El “Culiacanazo” paralizó a la ciudad por más de cinco horas. En medio del caos, el Gobierno se retractó y liberó a Guzmán. Pero los traficantes necesitaban resarcirse aún más. Durante los combates, entre ocho y 14 personas murieron, y muchas otras resultaron heridas. Los revoltosos incendiaron carros para doblegar a las fuerzas gubernamentales, y los tiroteos pusieron a cientos de personas en peligro y causaron el cierre de negocios y escuelas.
Y lo que es quizá peor, hombres armados invadieron los cuarteles del Ejército y secuestraron a varios familiares de los militares, cruzando una línea simbólica que durante mucho tiempo ha sido respetada por ambas partes (y que mantuvo una tregua tácita entre ellas en áreas como Culiacán).
Sin embargo, ese código, que aparentemente implica excluir a los “civiles” (e incluso a los familiares de los soldados alojados en territorio enemigo), nunca ha sido particularmente claro y es difícil de hacer respetar. Esto fue evidente recientemente, a fines de junio, en el norte de México, donde dos sacerdotes y un guía de turismo fueron asesinados, presuntamente por narcotraficantes que persiguieron al guía hasta una iglesia donde se había refugiado.

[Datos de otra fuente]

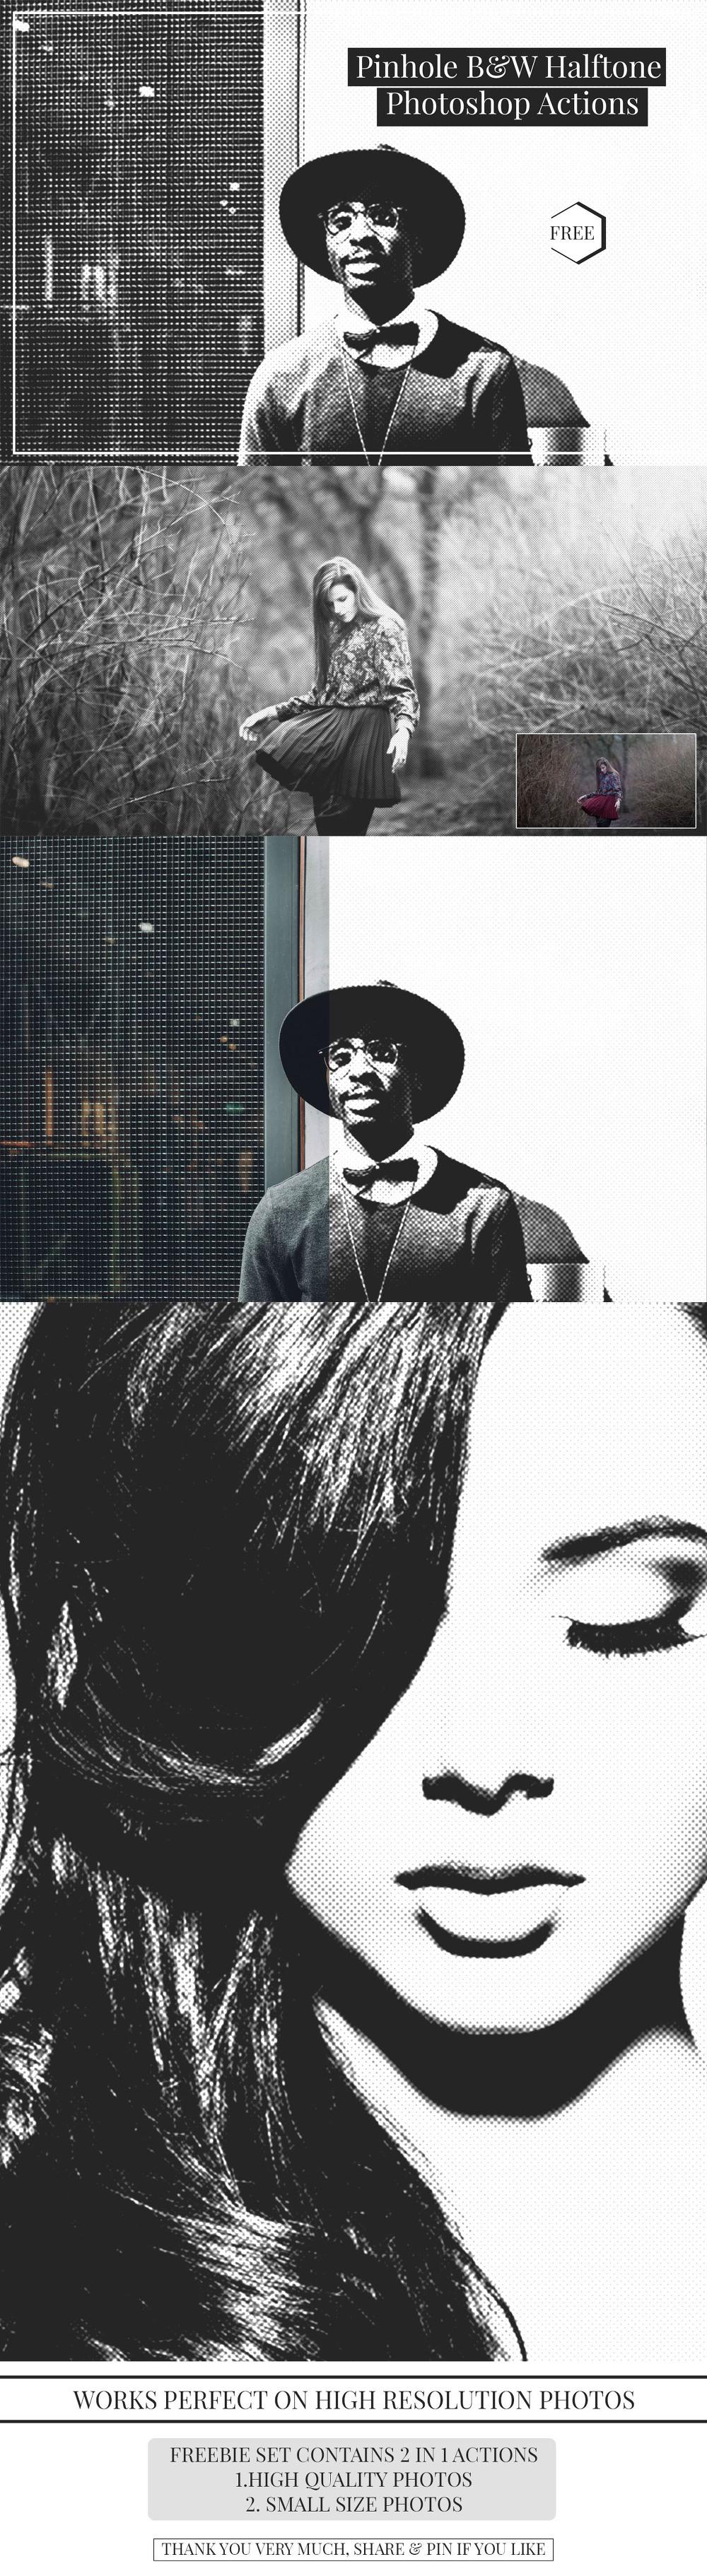 2 가지 무료 포토샵 핀홀 하프톤 흑백 액션 - 2 Free Photoshop Pinhole Halftone Black and White Actions

Como respuesta, la Arquidiócesis de México, en un editorial de confrontación poco común en su publicación semanal, le pidió al Presidente Andrés Manuel López Obrador (AMLO) que “examine las estrategias de seguridad”. Y si bien la jerarquía de la Iglesia Católica quizá no habla en nombre de todo el clero católico (hace algunos años, otros sacerdotes prominentes, como Alejandro Solalinde Guerra, les han pedido “perdón” a los narcos, a quienes consideran víctimas de la economía neoliberal y la política corrupta), este es un barómetro importante.
Las “estrategias” se conocen popularmente como “abrazos, no balazos”, como referencia a lo que López Obrador planteó durante su campaña presidencial pero a lo que sólo le ha dado continuidad tangencialmente ya como Presidente. La idea es reducir las tensiones entre el Gobierno y los grupos criminales, y abrir un espacio para la reconciliación mediante una actitud menos represiva que la de sus predecesores.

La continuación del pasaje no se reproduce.